El verdadero liderazgo no se reparte en sobrecitos

Por Francisco Luciano
Mucho se ha escrito sobre liderazgo y poder, pero pocas veces se distingue con claridad entre uno y otro.
Hay quienes llegan a una posición de poder, por azar, por designio divino o por simple circunstancia, y, de pronto, descubren que pueden disponer de recursos públicos o privados: un empleo aquí, una ayuda allá, una recomendación acullá. En cuestión de días se ven rodeados de elogios efusivos, de palmadas en la espalda y de multitudes que los llaman “líder”. Muchos terminan creyéndoselo. Se convencen de que son dueños del destino ajeno porque, en efecto, tienen en sus manos la llave de algunas puertas.
Pero ese no es liderazgo. Es clientelismo disfrazado de carisma.
Cuando se acaba el puesto, cuando se agotan los recursos o cuando aparece alguien con más “sobrecitos” que repartir, la multitud se desvanece con la misma rapidez con que llegó. Se van como moscas que terminaron de chupar la miel derramada. Y entonces el supuesto líder, herido en su orgullo, suele calificar de traidores a quienes se marcharon. En realidad, nunca tuvo seguidores: tuvo clientes.
Existe otro camino, más arduo y menos vistoso, pero infinitamente más sólido.
Es el liderazgo que no se compra con migajas ni se impone con presión. Es el que se construye día a día, con ideas claras, con empatía genuina, con una visión que trasciende el beneficio inmediato y ofrece esperanza real. Este líder no necesita repartir nada material para ser seguido: reparte confianza. No promete puestos ni canastas: promete un rumbo. Y porque su causa es mayor que su persona, la gente no lo sigue por lo que les da, sino por lo que les hace sentir: dignos, útiles, parte de algo que vale la pena.
Ese liderazgo no se derrumba cuando cambia el gobierno ni se evapora cuando se acaba el dinero. Se renueva en cada acto ético, en cada decisión difícil tomada por el bien común, en cada palabra cumplida. Ese es el liderazgo moral. Y ese permanece.

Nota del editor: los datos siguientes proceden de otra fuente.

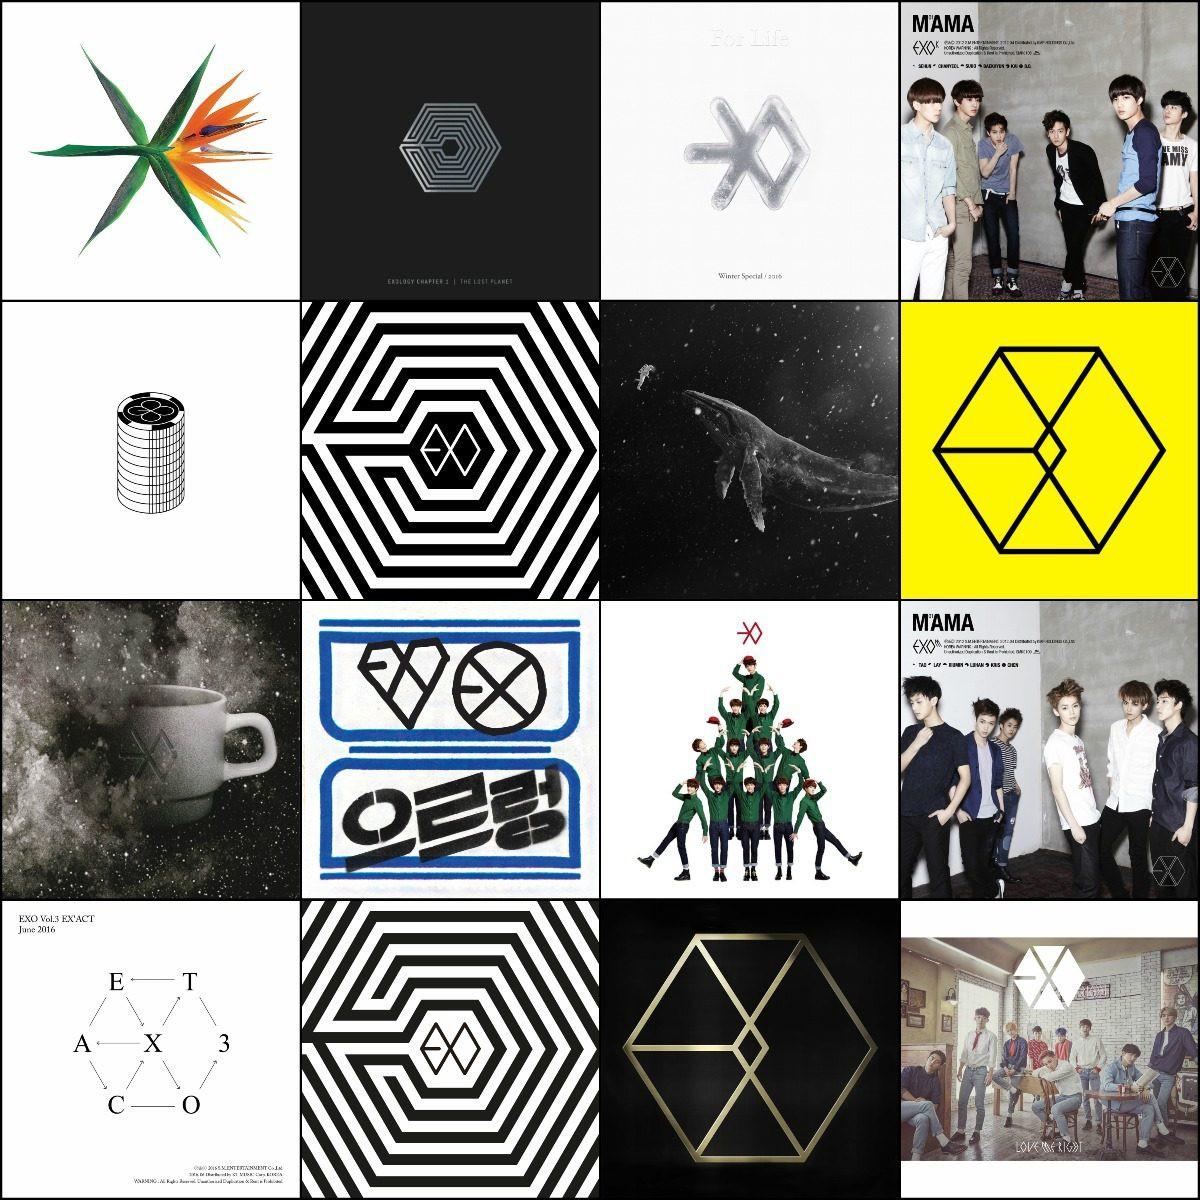 """EXO của năm 2018: Liệu có phải đã đến lúc chính thức nhường lại ngôi vương cho """"đối thủ không đội trời chung"""" BTS? - Ảnh 7."""

Me viene esta reflexión después de releer un artículo que, en febrero de 2014, publicó el doctor Leonel Fernández titulado “El poder y el liderazgo: entre puestos y sobrecitos”. En él relata dos anécdotas de su vida política; una de ellas, ocurrida en Dajabón, es particularmente iluminadora:
“Estábamos en uno de esos tradicionales recorridos navideños por la frontera. Llevábamos música, juguetes, canastas y también unos sobrecitos amarillos con dinero que habían donado empresarios amigos”.
“ El compañero Paulino Sánchez, que manejaba el vehículo, se impresionó al ver cómo una multitud se agolpaba en torno al compañero Pedro, encargado en ese momento de repartir los sobres”.
“¡Presidente, mire cómo Pedro se convirtió en líder de la noche a la mañana!, me dijo entusiasmado, ¡Nunca había visto a tanta gente tan enardecida!”
“ Yo le respondí: Paulino, observe bien. Ahora vamos a pasarle los sobrecitos al compañero Manuel Reyes y veremos qué pasa”.
“Así lo hicimos. En cuestión de segundos, la muchedumbre abandonó a Pedro y se lanzó tras Reyes como si nada hubiera ocurrido” .
“Paulino no pudo contener la risa. En ese instante entendió la lección: el liderazgo que se construye sobre la dádiva dura lo que dura el sobre en la mano”.
Esa anécdota resume perfectamente la diferencia entre el poder transitorio y el liderazgo auténtico.
Hoy, cuando muchos confunden la capacidad de repartir favores con la estatura de un líder, vale la pena recordarlo: la lealtad que se compra se vende al mejor postor; la lealtad que se gana con principios no tiene precio.
Trabajemos, entonces, por el segundo tipo de liderazgo. Uno que no necesite sobrecitos para ser seguido. Uno que inspire fe, confianza y esperanza. Uno que, cuando ya no esté, deje detrás personas libres y dignas… y no clientes agradecidos.
Porque el verdadero liderazgo no se mide por la cantidad de gente que te rodea cuando tienes algo que dar, sino por la cantidad de gente que permanece a tu lado cuando ya no tienes nada que ofrecer, salvo tu palabra y tu ejemplo.
El autor es docente universitario y dirigente político.